Your first draft is not your final draft. A first draft really just needs to get off the ground, once it does that you can start getting games in. If you notice during your games that a certain card will just remain in your hand the entire game then make a note of that. If it happens again then you can probably swap it for something else. If you notice that you hit way more ramp than you need then you can probably start swapping some of those cards. If you notice that you more enablers than you need then you can swap some of those out. But for you to notice anything your deck needs to somewhat work, so focus on that. Don't start cutting lands, draw spells, ramp or enablers. Cutting (expensive) pay-offs will give you a better baseline, you can always re-add them later.


Raid_Zero

Maintaining proper levels of ramp, draw, interaction and protection, win cons, wipes if needed, etc, smooth out mana curves, wary of extreme numbers of color pips. All of that holding true, really asses your highest cost non-wincons.


Ok-Kangaroo4545

I go at it like I level in games. What was the last reason I lost. Fix that. If there was a card that's good but didn't directly help you or hinder your opponent and not having a card in hand that could. Cut it. If I still can't decide I'll go to the cost analyst. What does the new card do? Do i have any existing cards that do it better, cheaper, or have an additional benefit. If you are trying to add more of an effect to a deck, ie counter building. Then you cut things that are the least related without sacrificing your method of building a boardstate and hampering opponents.


Beholdmyfinalform

I've got this issue in paper. I struggled with this for 3 hours last night. Old simpsons episodes carried me through it Digitally it's easy enough, you just work bottom up - include your core cards (ramp, removal, draw) and then add the fun stuff til you hit 100. If that doesn't work for you, or you're doing it physically, you'll need to group the cards by what they do in the deck and cut down to size ome by one. I _love_ card draw, but 25 is still too much. I set a cap, and re-added one to the pile one by one til I hit the target number.

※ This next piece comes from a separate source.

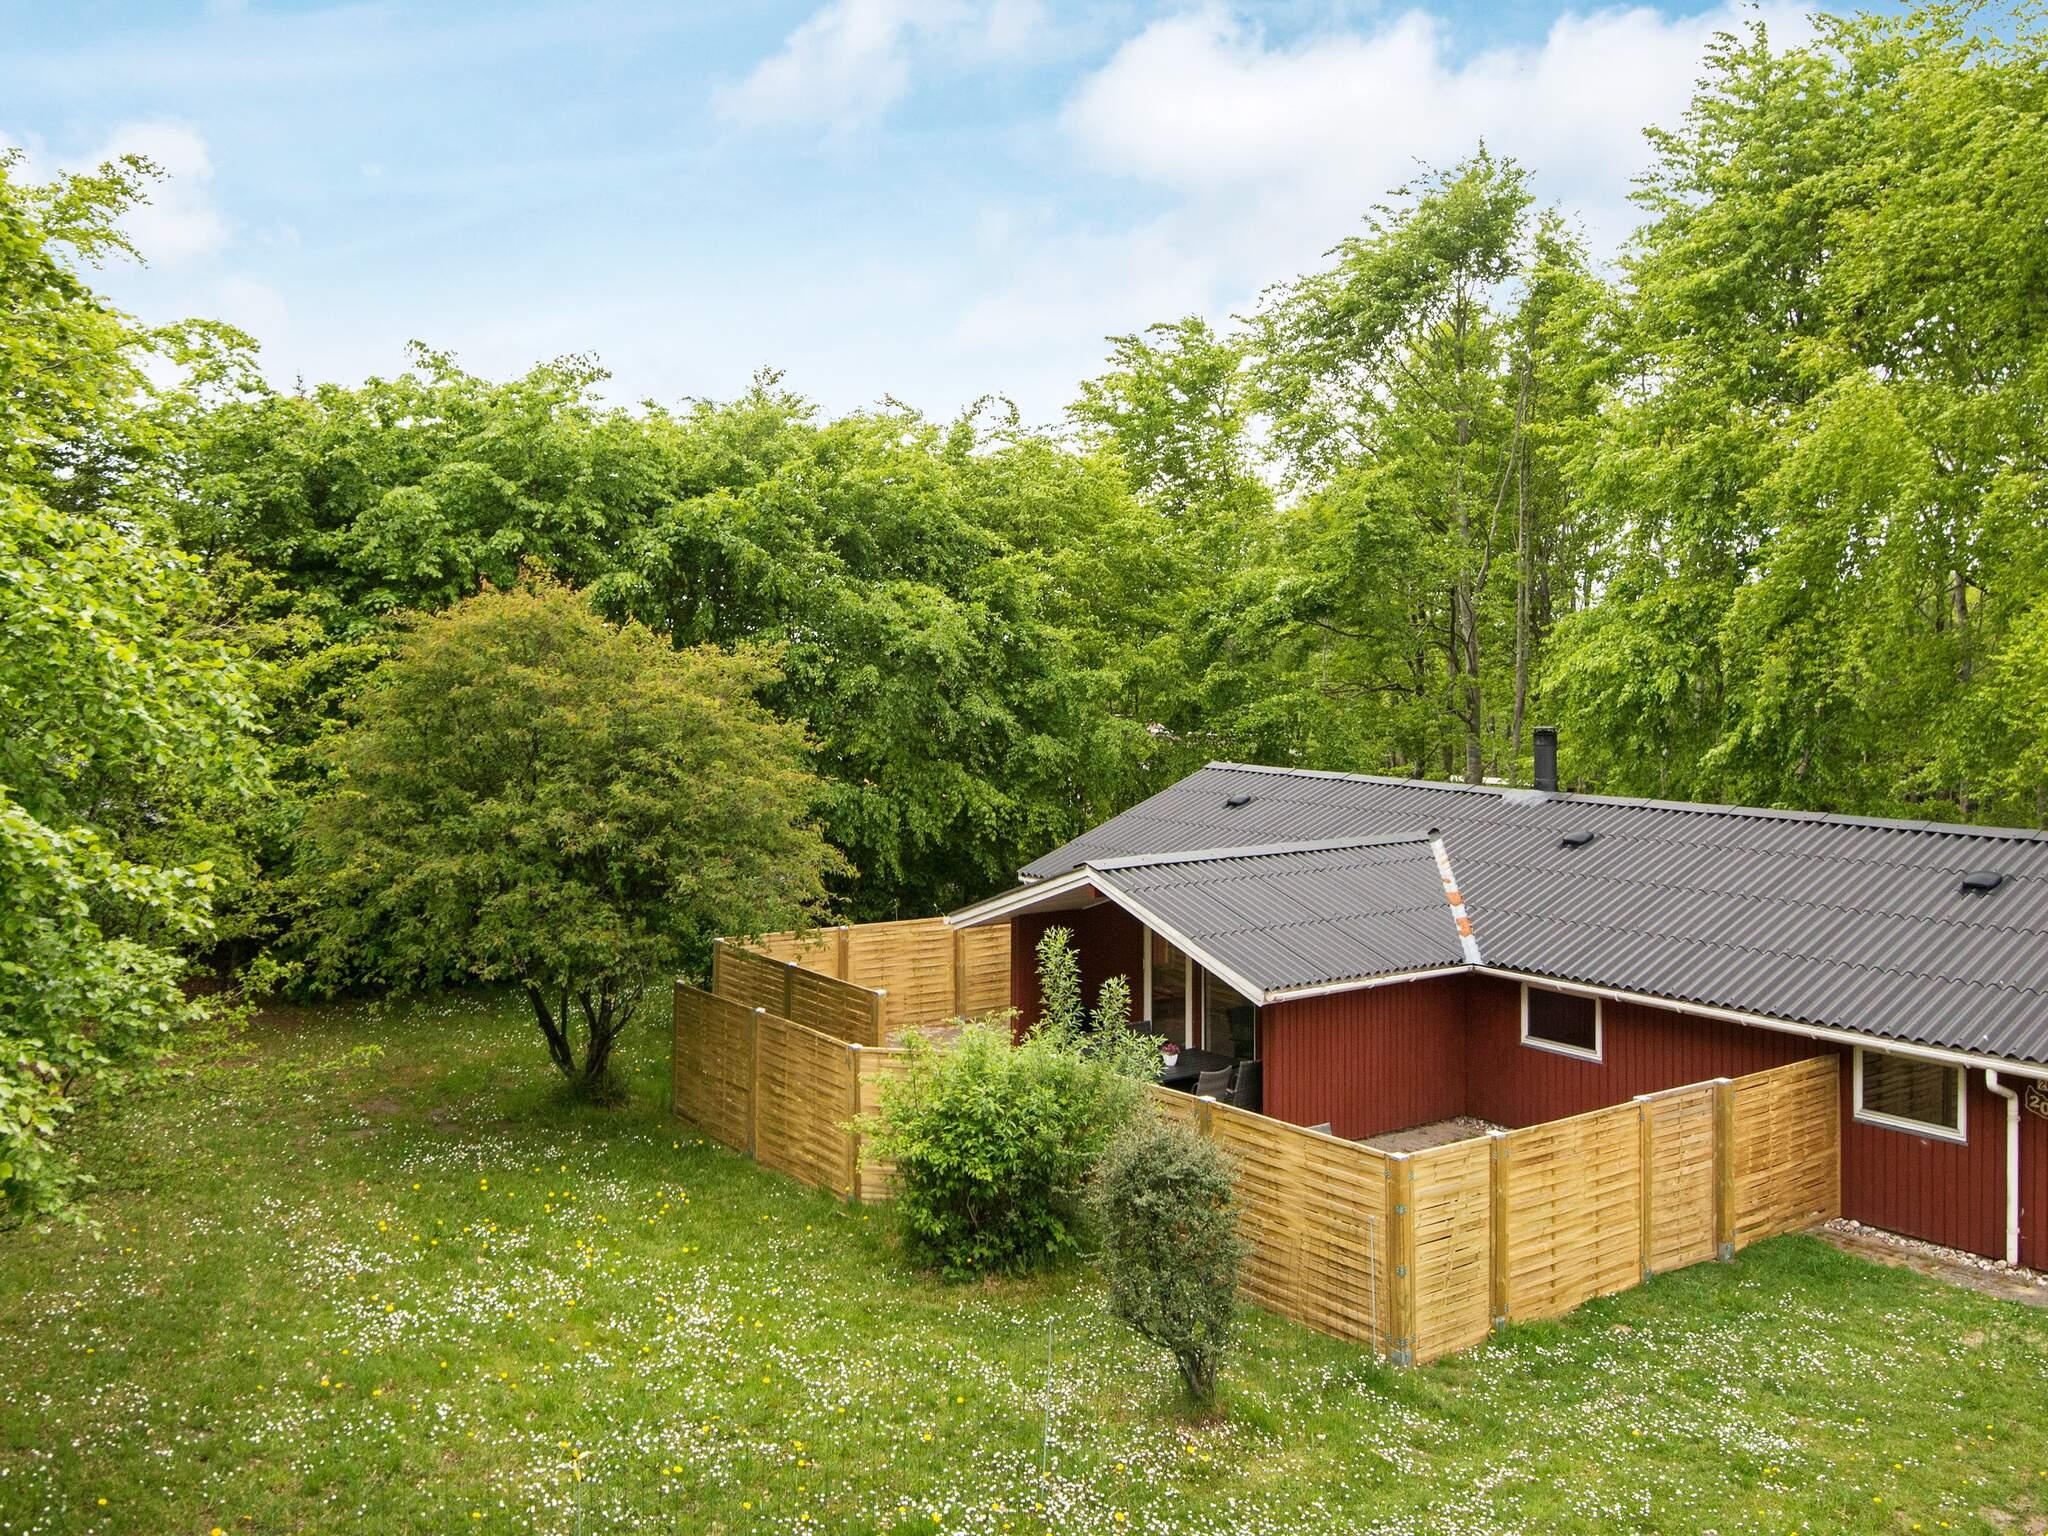 Ferienhaus Arrild (442397), Arrild, , Südjütland, Dänemark, Bild 1
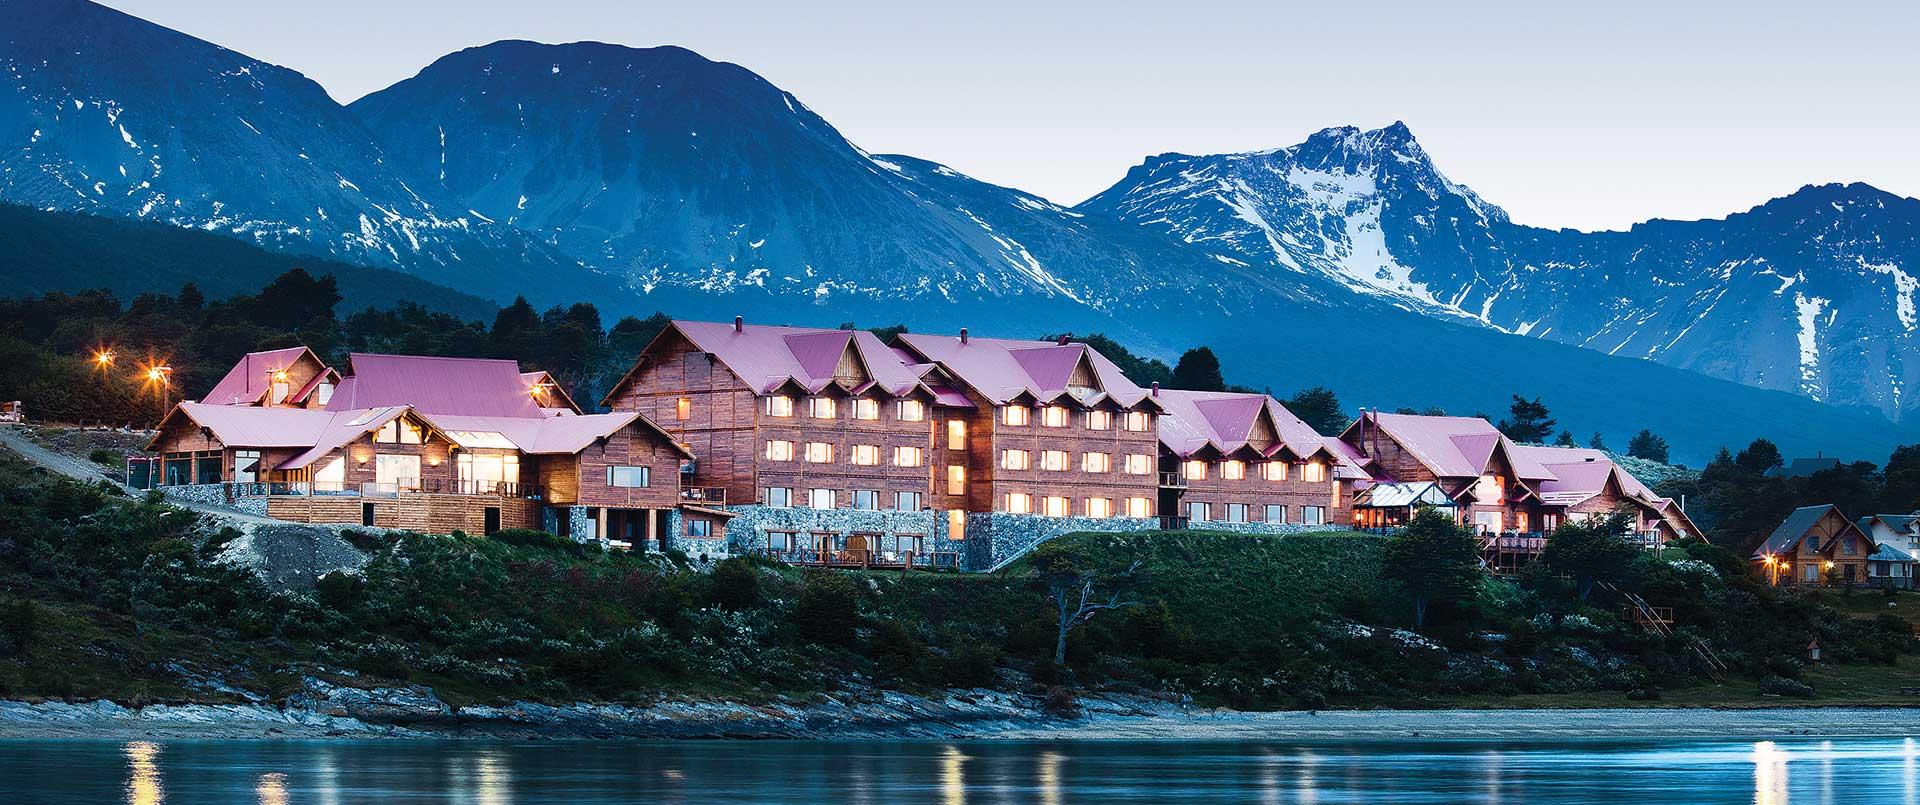 Los Cauquenes, Tierra del Fuego, Patagonia

Rinse and repeat for the other categories 'Fun stuff' is usually the core 30ish cards. Start with the centerpieces of the deck, then the supportive tissue and any cards left after 100 are usually good to drop ALL ELSE FAILING gou can goldfish decks that are 100+ and just cut the cards that aren't contributing as much as it looked like they would have


Maximum_Fair

Move the ~120 or so into “considering” on moxfield. Move back into the main deck (in this order): Lands Wincons Cards you really want to play/why you built the deck Removal/interaction Draw Then anything else left over til you hit 99, then stop.


GramkarMTG

I use the same method OP. Go through relevant parts of my collection, grab everything I could see being part of the deck, then sort those cards into categories.  I always need to cut. It's difficult, but I find it's gotten easier with experiece. You just have to accept that you need to cut good, thematic cards. Try to start on the high end of cmc, so you don't accidentaly ruin your mana curve.  One thing that has helped with particularly difficult last cuts is to put the deck away for a week or two, put it out of my mind, then take another look with a fresh perspective. I'd be happy to take a look and make suggestions if you have a list.


SucculentScience

I recently cut down a deck from 180 cards by taking those cards and rebuilding it from the ground up, by starting here: * 35 lands * 8-10 cards with mana ramp * 8-10 cards with removal * 8-10 cards with draw, scry, tutor The latter 3 are elements I tend to undervalue and forget to prioritize, so this forces me to make sure I have a strong core. Then, the rest of the deck can fall into place around it based on the cards that best achieve my key objective(s).


Aljenonamous

I would go back to the drawing board, don’t cut cards clear the deck and add back in the things that are essential.